> **WHAT YOU ARE ASKED TO DO**: Leaving out every picture, copy the lines of the material below exactly, from the line containing "磨かれた指同盟紫草 レーデシコン(乳液)" through the line containing "f:id:tomatsu1024:20200531173922j:plain".

> **INFORMATION SUPPLIED**:
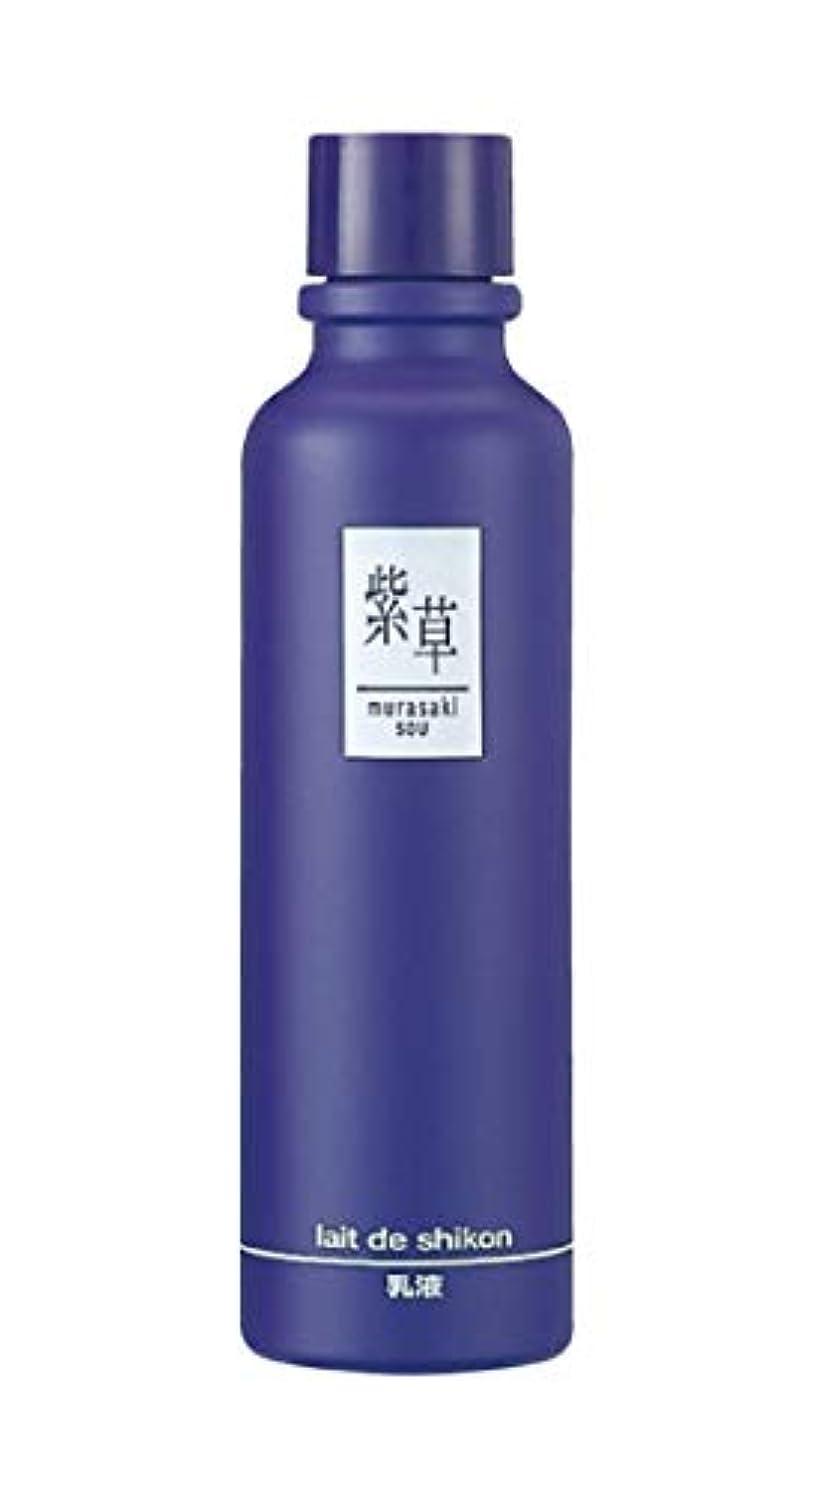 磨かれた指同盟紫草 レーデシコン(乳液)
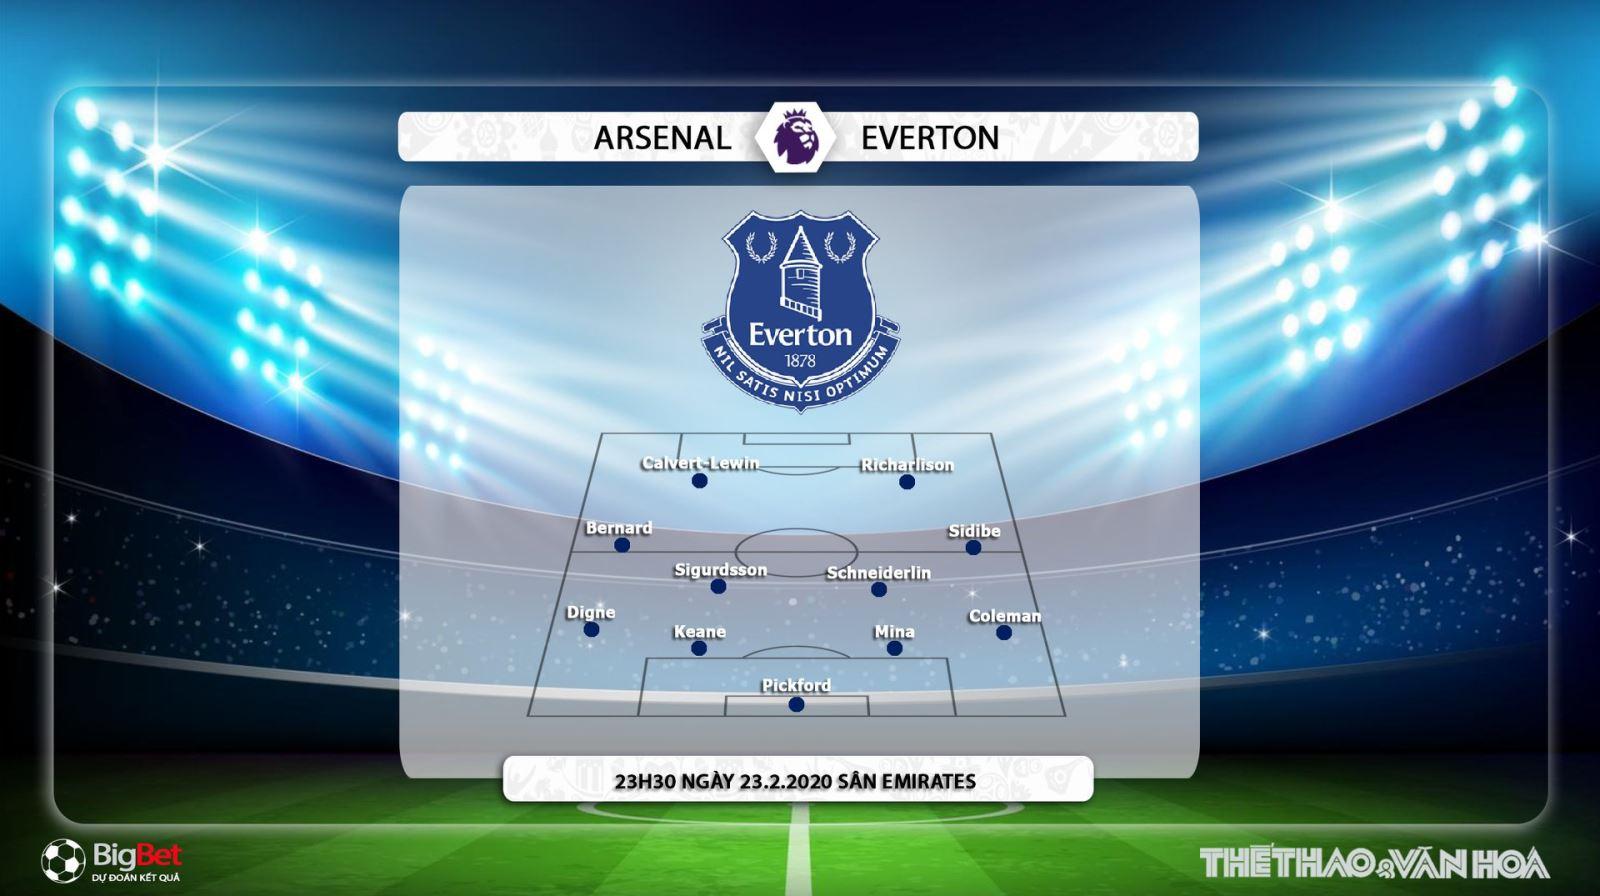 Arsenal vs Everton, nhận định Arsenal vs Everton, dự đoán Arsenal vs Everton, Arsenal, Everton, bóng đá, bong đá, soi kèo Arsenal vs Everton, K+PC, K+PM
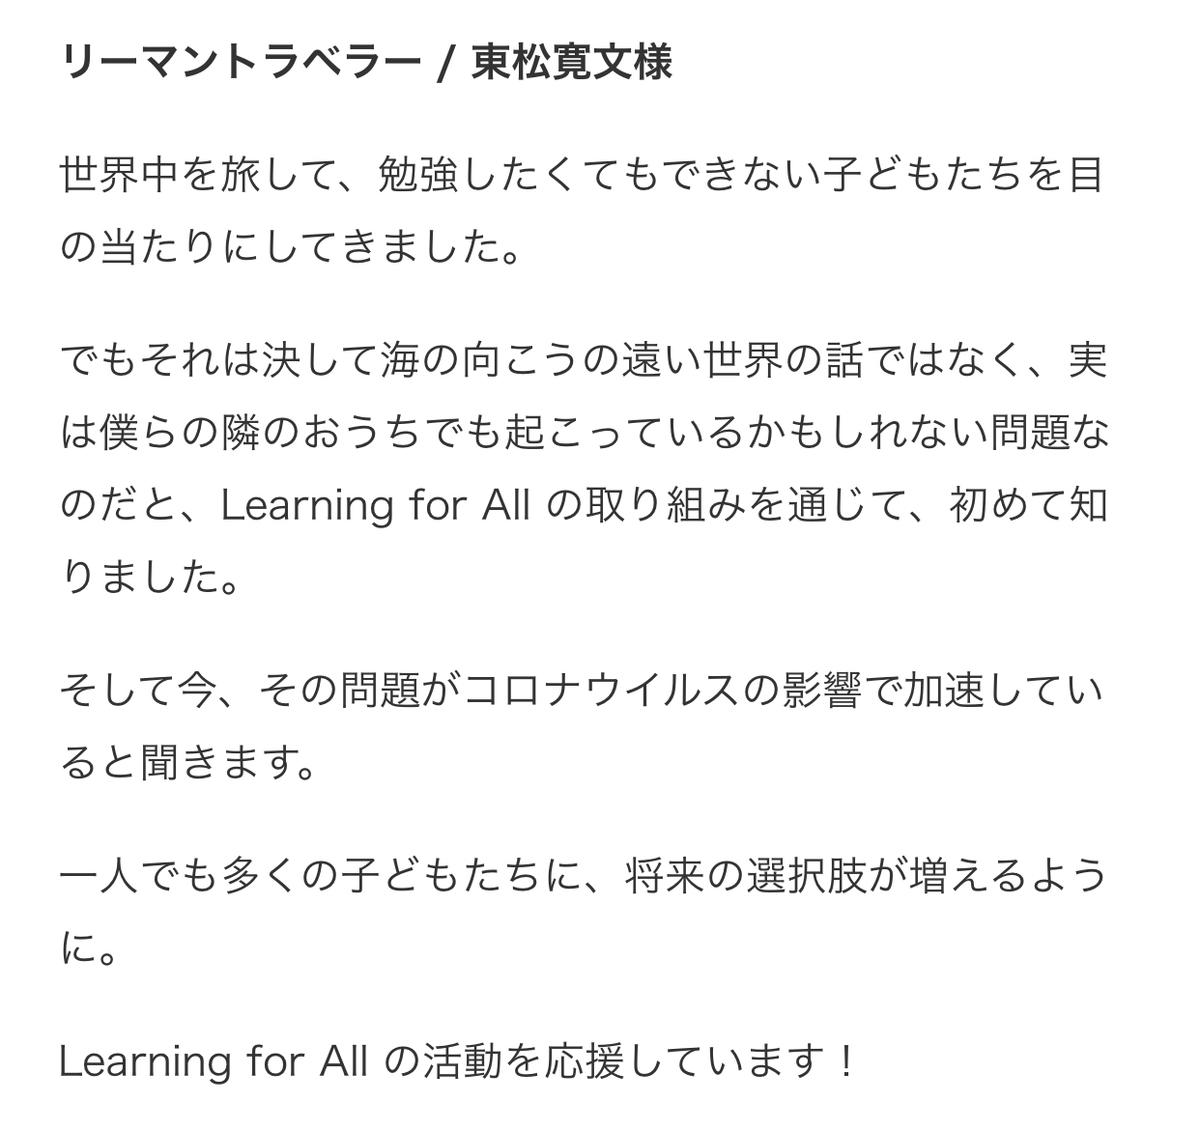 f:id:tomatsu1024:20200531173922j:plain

---

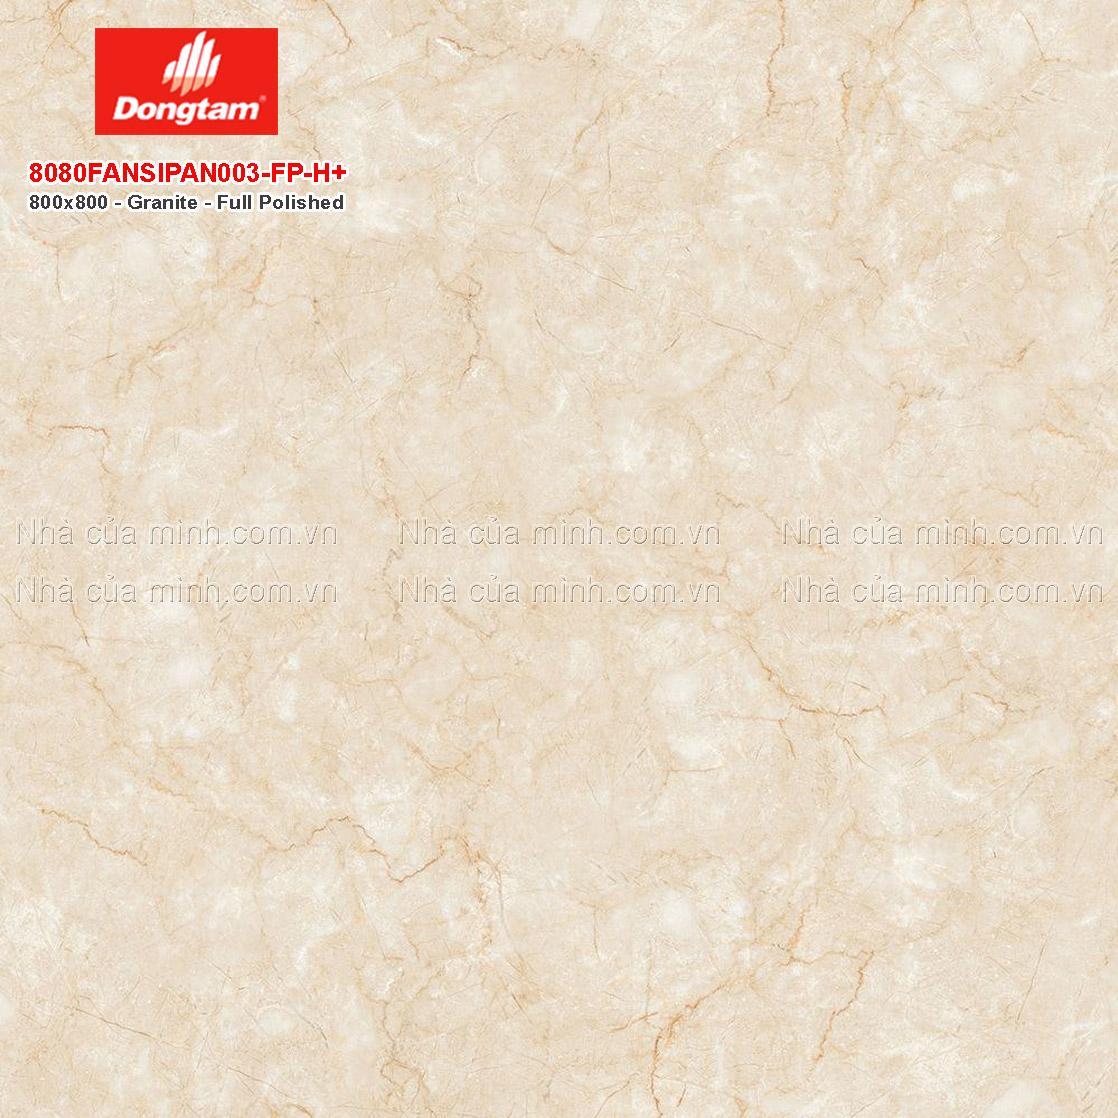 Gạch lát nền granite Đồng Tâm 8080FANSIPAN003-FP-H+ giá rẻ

> **TASK SOLUTION**:
 磨かれた指同盟紫草 レーデシコン(乳液)
 Arsenal vs Everton, nhận định Arsenal vs Everton, dự đoán Arsenal vs Everton, Arsenal, Everton, bóng đá, bong đá, soi kèo Arsenal vs Everton, K+PC, K+PM
 f:id:tomatsu1024:20200531173922j:plain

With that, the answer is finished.